The web-based survey was conducted in 2005 by physician recruiting firm LocumTenens.com. Compared to locum tenens industry studies asking the same question of physicians across a range of specialties, LocumTenens.com's 2005 figure represents an increase of 20 percent since 1997.

The current state of U.S. healthcare has benefited physician recruitment firms increasingly over the past several years. Pushed into a corner by trends like higher insurance costs and more aggressive third-party payers, more and more physicians want to get out of medical practice.

This trend has helped 10-year-old LocumTenens.com increase revenue by 600 percent over the last five years (2000 to 2005), says LocumTenens.com’s Executive Vice President Michael Davis.

"Reimbursement is a huge problem which has forced changes in the way psychiatry is practiced," Davis says.

According to data collected by the American Psychiatric Association's (APA) Office of Research in 2004, a psychiatrist can earn about 57% more from three 20-minute medication management visits than from a one-hour outpatient psychotherapy visit. This has resulted in psychiatrists seeing more patients, and spending less time with each. The APA's 2004 annual meeting had concluded that psychiatric workforce trends were leading to healthcare access problems.

Given this scenario, a “silent shortage” of psychiatrists has been growing in the U.S. over the past decade or so. According to the AMA reports, the supply of U.S. psychiatrists shrank 27 percent between 1990 and 2002. Meanwhile, demand increased by 16 percent over that same time period.
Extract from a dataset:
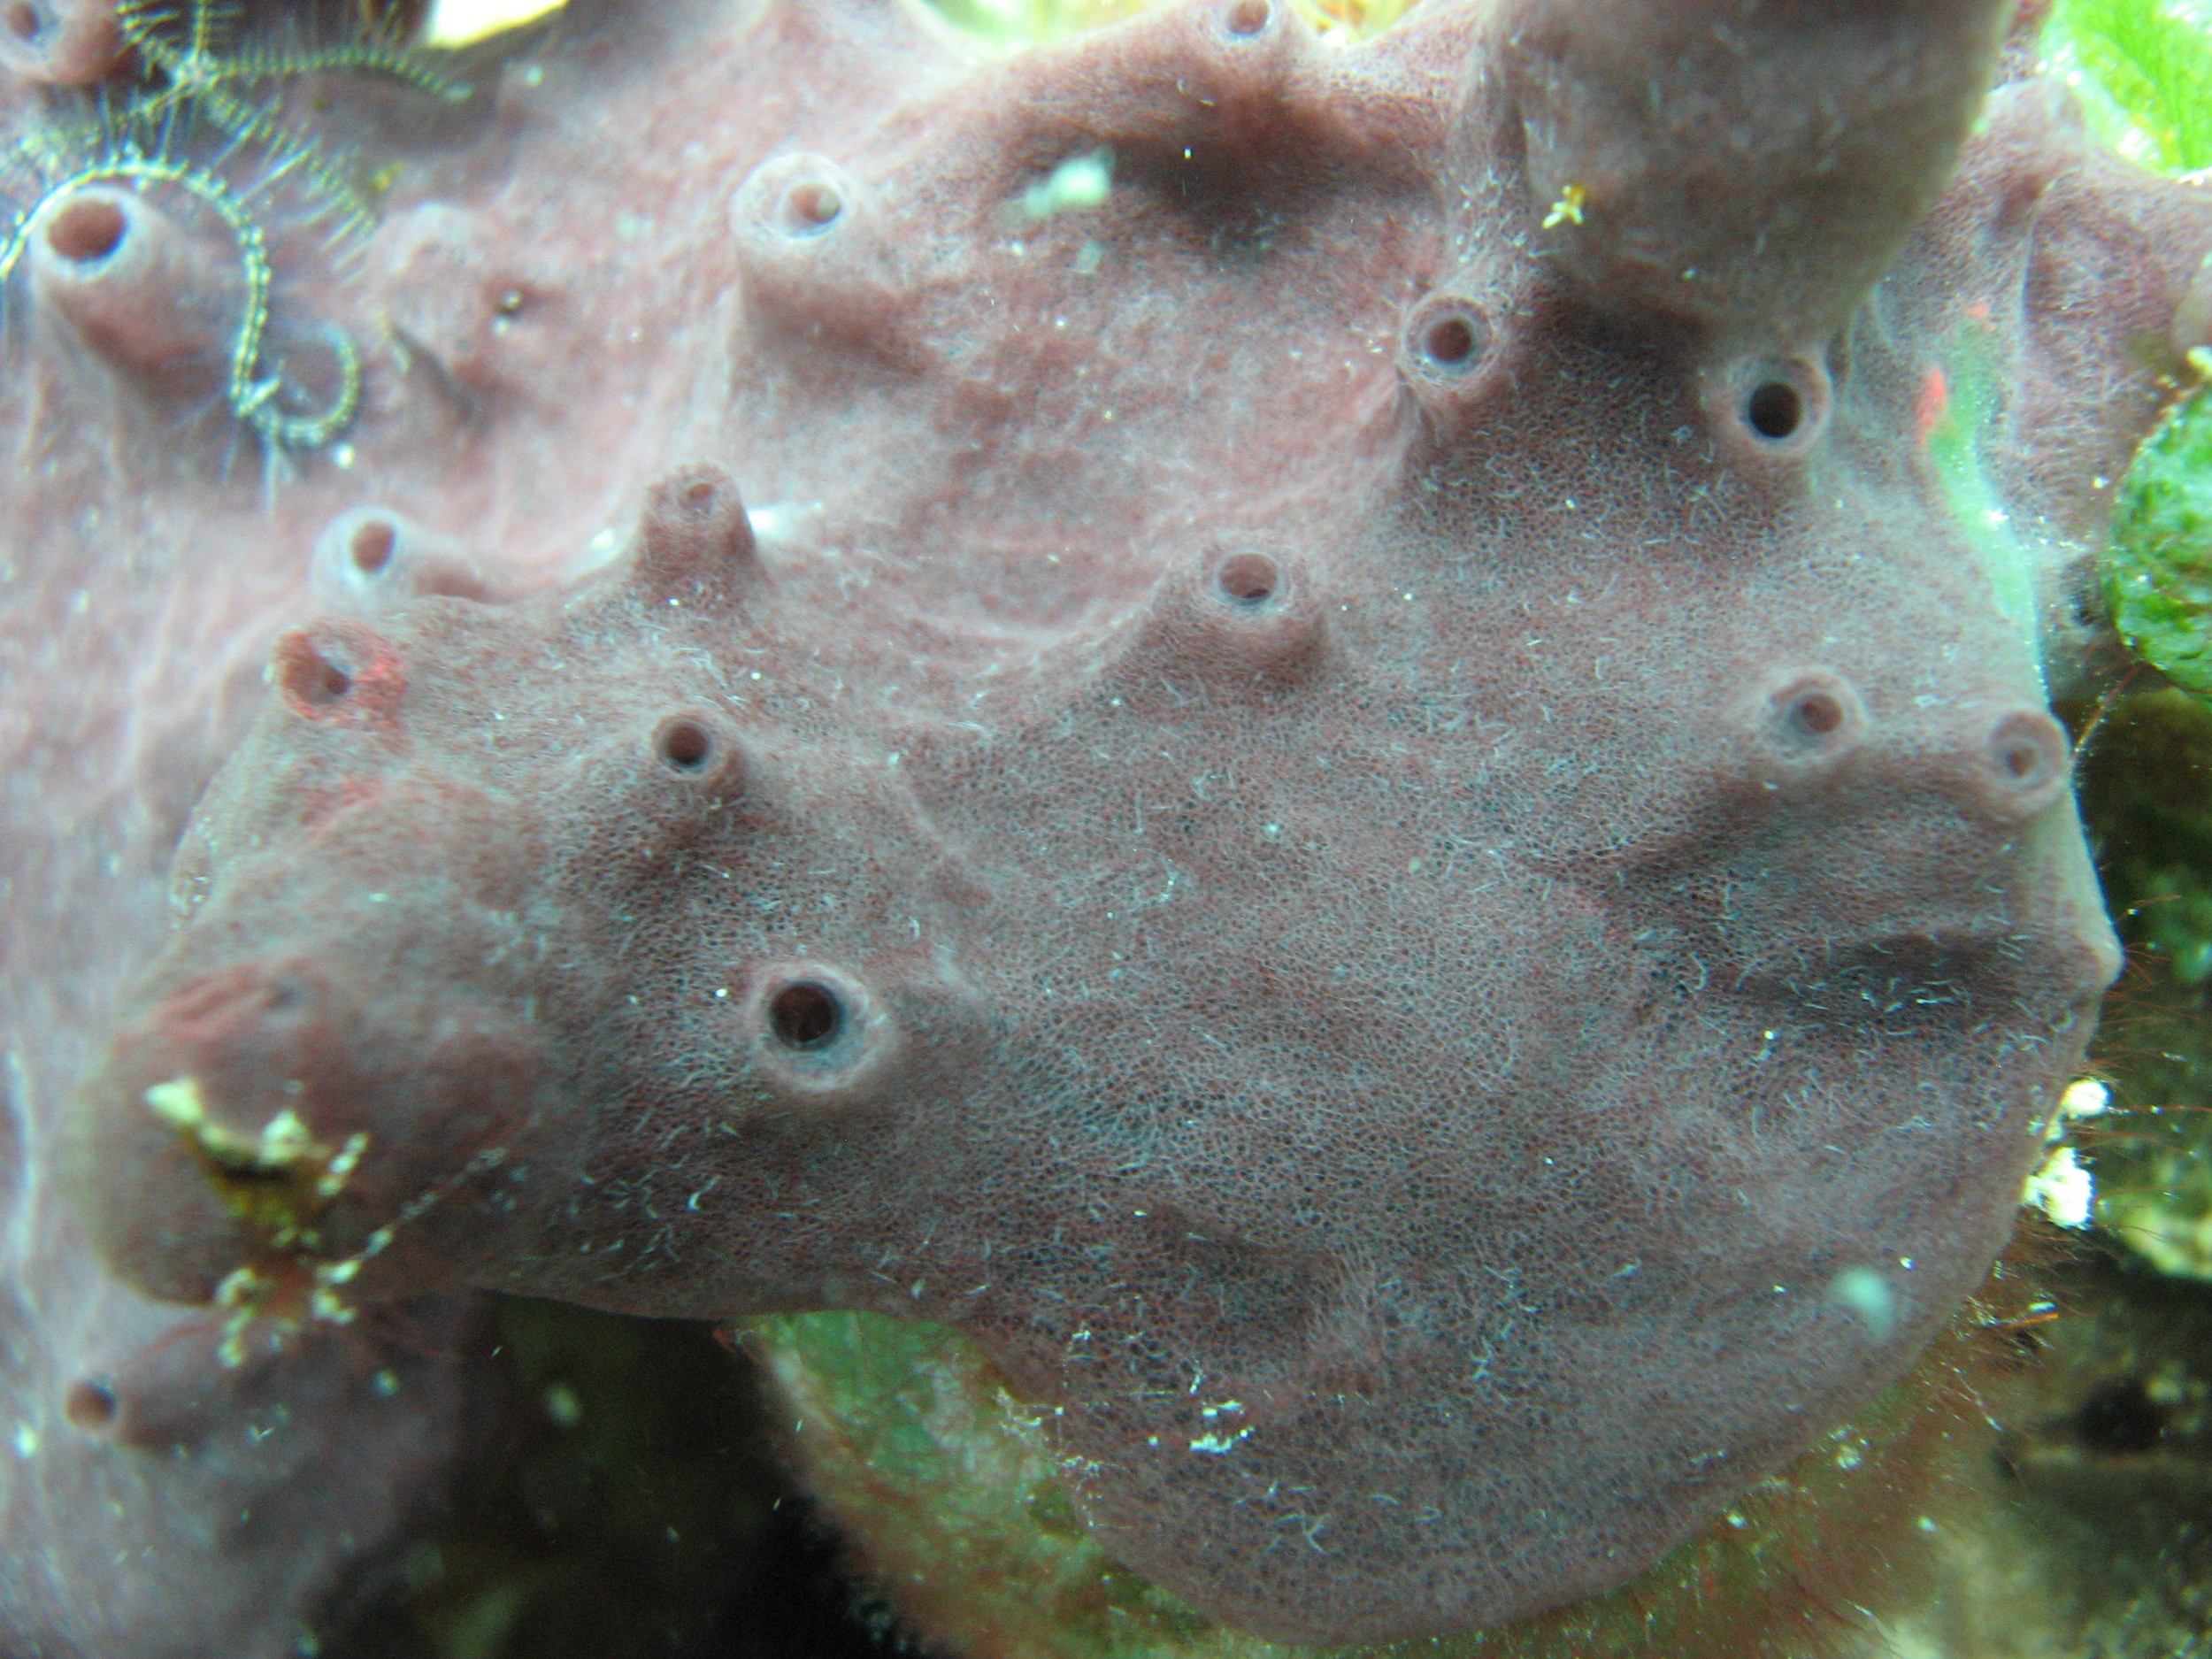   Xestospongia bocatorensis  in Bocas del Toro, Panama. This sponge hosts filamentous cyanobacteria

The aging of the psychiatrist population is adding to the problem of decreasing access. Almost half (46 percent) of the 40,000-plus U.S. psychia tric population is 55 years or older, compared to approximately 35 percent of all U.S. physicians.

Meanwhile, demand is increasing. The U.S. Bureau of Health Professions projects that between 1995 and 2020, demand will increase by 100% for child and adolescent psychiatrists and by 19% for generalists.

In an encouraging sign, the American Association of Medical Colleges' (AAMC) National Resident Matching Program reports increased interest in psychiatry residencies. An AAMC news release said in March 2005, "For the fourth consecutive year, there has been an increase in the number of first-year positions offered and filled by U.S. medical school seniors."